I was able to speak to Tim Jezisek from Grubb Properties. Tim liked to talk about Grubb's reverence for the community. He told me that he has spoken to past and present residents, all of whom have memories and a connection with Glen Lennox. Personally, I have been thinking about lack of community recently, and having a shared connection to a place is important.


The first phase of the project includes a larger multifamily apartment complex, a clubhouse with apartment amenities as well as office space. Future phases include more residential and office space with the addition of a retail center. The term "live, work, and play" sounds better than "live, work, and errands", but the latter is important for creating walkable, compact neighborhoods. Glen Lennox hopes to accomplish that goal.

Source: www.glenlennoxvision.com/our-story/transformation/

Source: www.glenlennoxvision.com/our-story/transformation/

Thinking About Transportation

What struck me the most about Grubb's plan was their focus and energy devoted to transportation options, both within the community as well as connecting the community to the outside world.

There is a lot of talk about "TOD" or Transit-Oriented Development. I worry that it is becoming a buzz word (e.g. a developer fixes up one bus stop and calls the project a TOD in its marketing material). However, Tim and Grubb have been working hard with the town, NCDOT, planners, advisors, and advocacy groups to figure out a transportation plan.

They even brought in Copenhagenize, a superstar planning and design firm based in Denmark, to consult on the development. Copenhagenize specializes in multi-modal transportation design that prioritizes bikes, walking, and transit.

Below are a few of solutions that they want to work into the mix:

Better bus stop facilities

Glen Lennox has bus stops within the development, but they are old. Grubb has been busy researching best practices for bus shelters. What designs will offer protection, a sense of safety, and ADA access to the busses to encourage ridership?

More modes

Currently, streets within Glen Lennox are wide and the roads widen even more at intersections (so cars don't have to slow down to make a sharp turn, meaning speeds are higher than they should be). Grubb is looking to calm traffic while also providing more sidewalks, crosswalks, and bike lanes throughout.

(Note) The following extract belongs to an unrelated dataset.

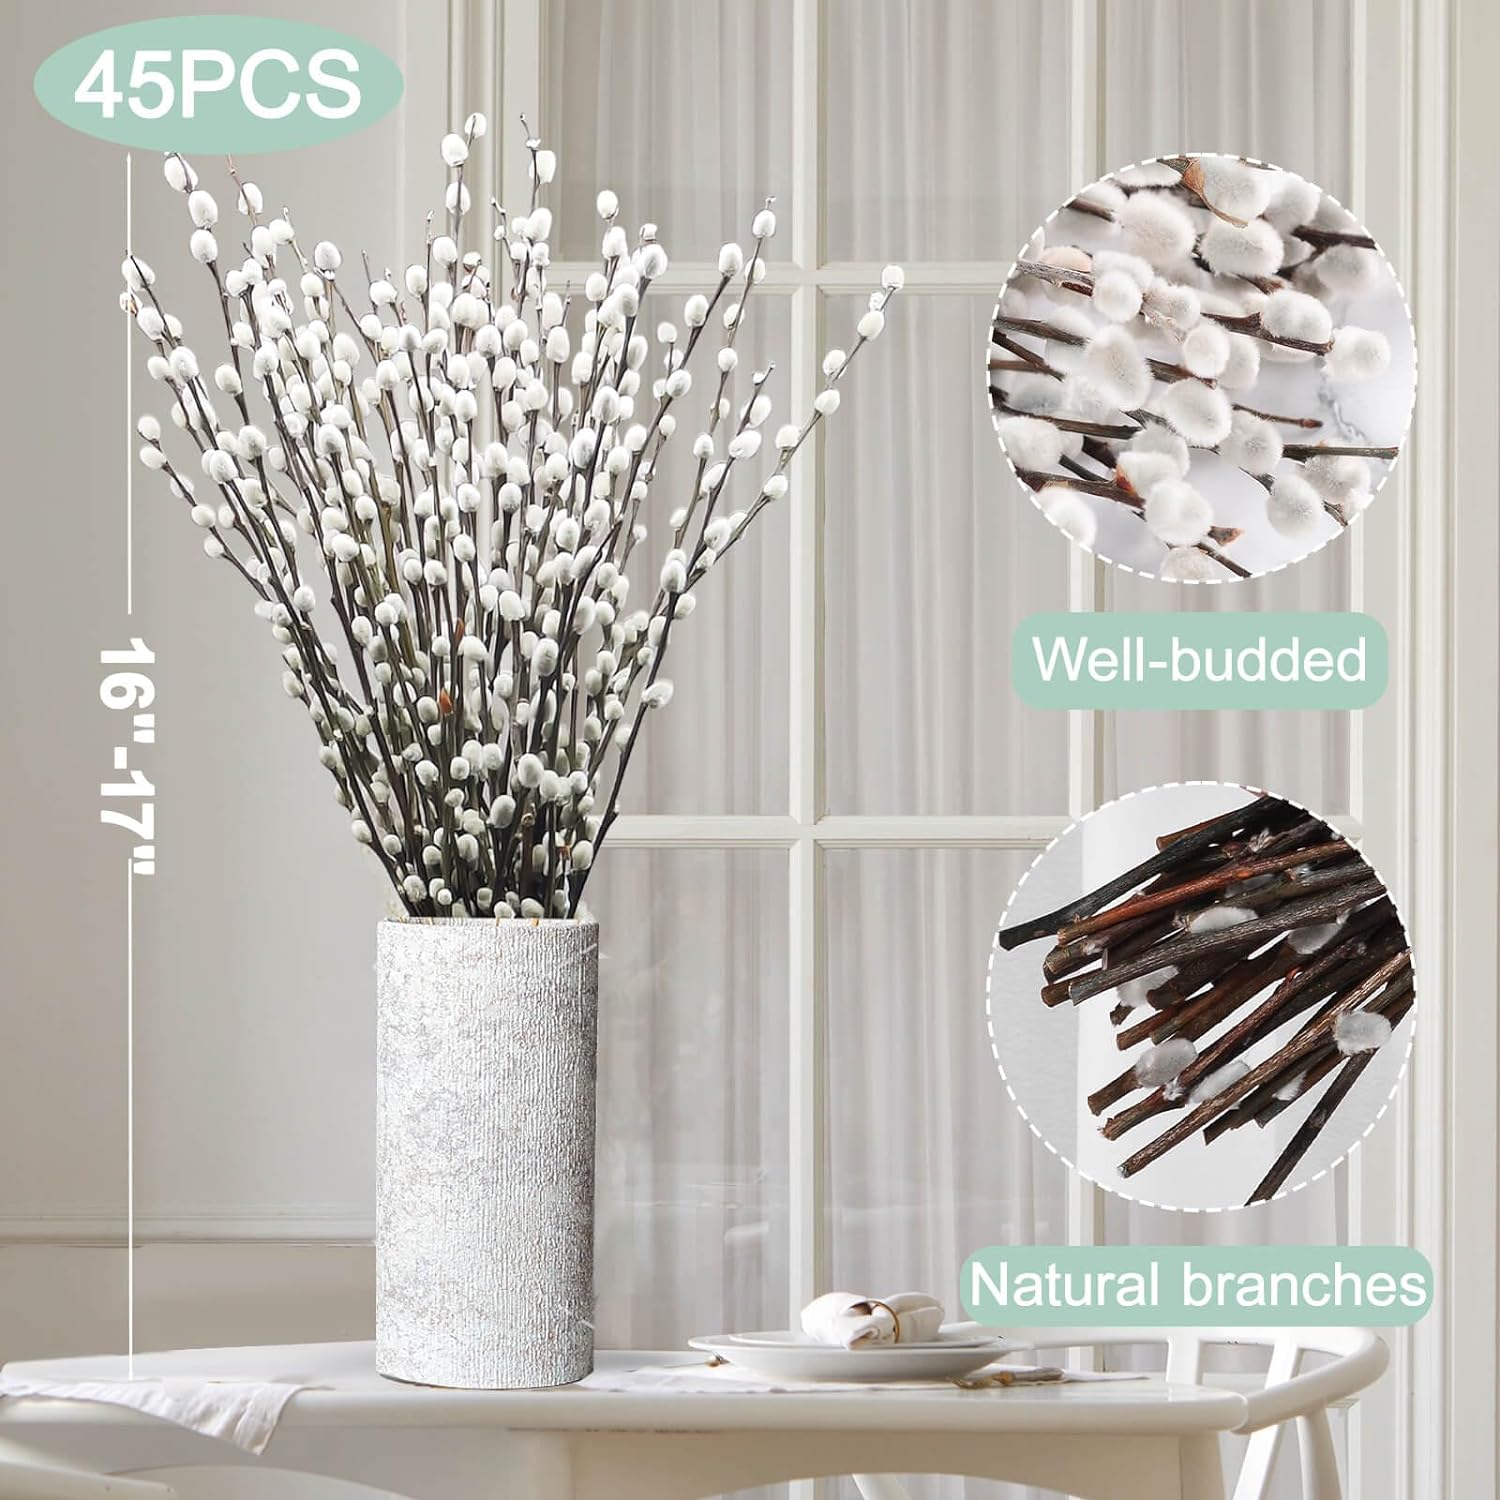 Bulk 45 Pcs Premium 17-inch Real Dried Willow Branches Natural with White Flowers Perfect for Indoor/Outdoor Events Weddings Parties Hotels Fireplaces and Yards Wholesale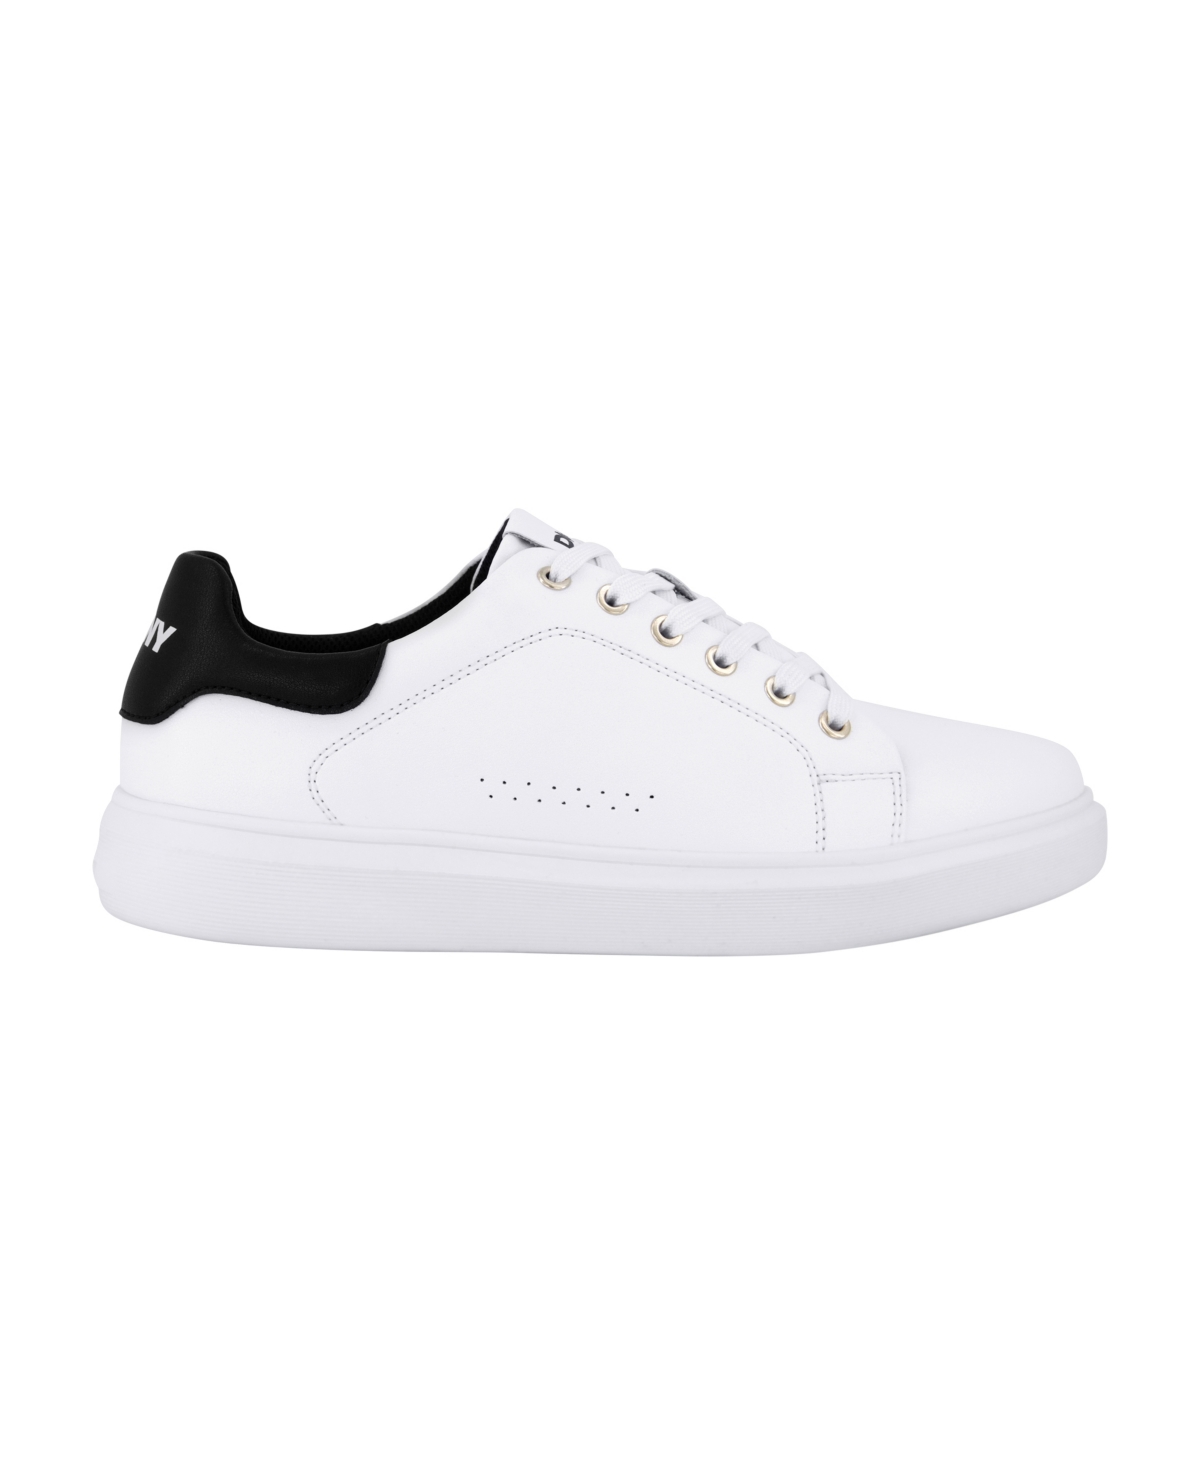 Shop Dkny Men's Smooth Leather Sneakers In Black

If you know Chapel Hill, Glen Lennox is situated near the intersection of 15-501 and 54, two high-speed roads meant primarily (almost exclusively) for cars. How can you connect Glen Lennox residents with the separated bike trail nearby or UNC campus? Grubb has worked to solicit and develop plans for the start of a pedestrian and bicycle network that includes adding a new stop light to 15-501, with prioritized pedestrian and bike crossings. They also looking at pedestrian and bike facilities in neighboring areas in order to create a complete network. This level of effort to designing and researching streets that aren't adjacent to your own project seems rare, but it makes sense as it will benefit the desirability of the project.

All of this effort has meant that the project is taking time. However, it appears to still be financially feasible, even with a long development timeline. The project proves that taking the time to be thoughtful about your community as well as transit options is possible for a developer.

In Durham, we have some thoughtful developers ourselves, so I am optimistic that more can and will be done, especially with regards to transportation around here. Unfortunately, currently pedestrian and bicycle facilities on this side of the county line are still lacking, at least for now. I hope that we can make strides with help from both the public and private sectors.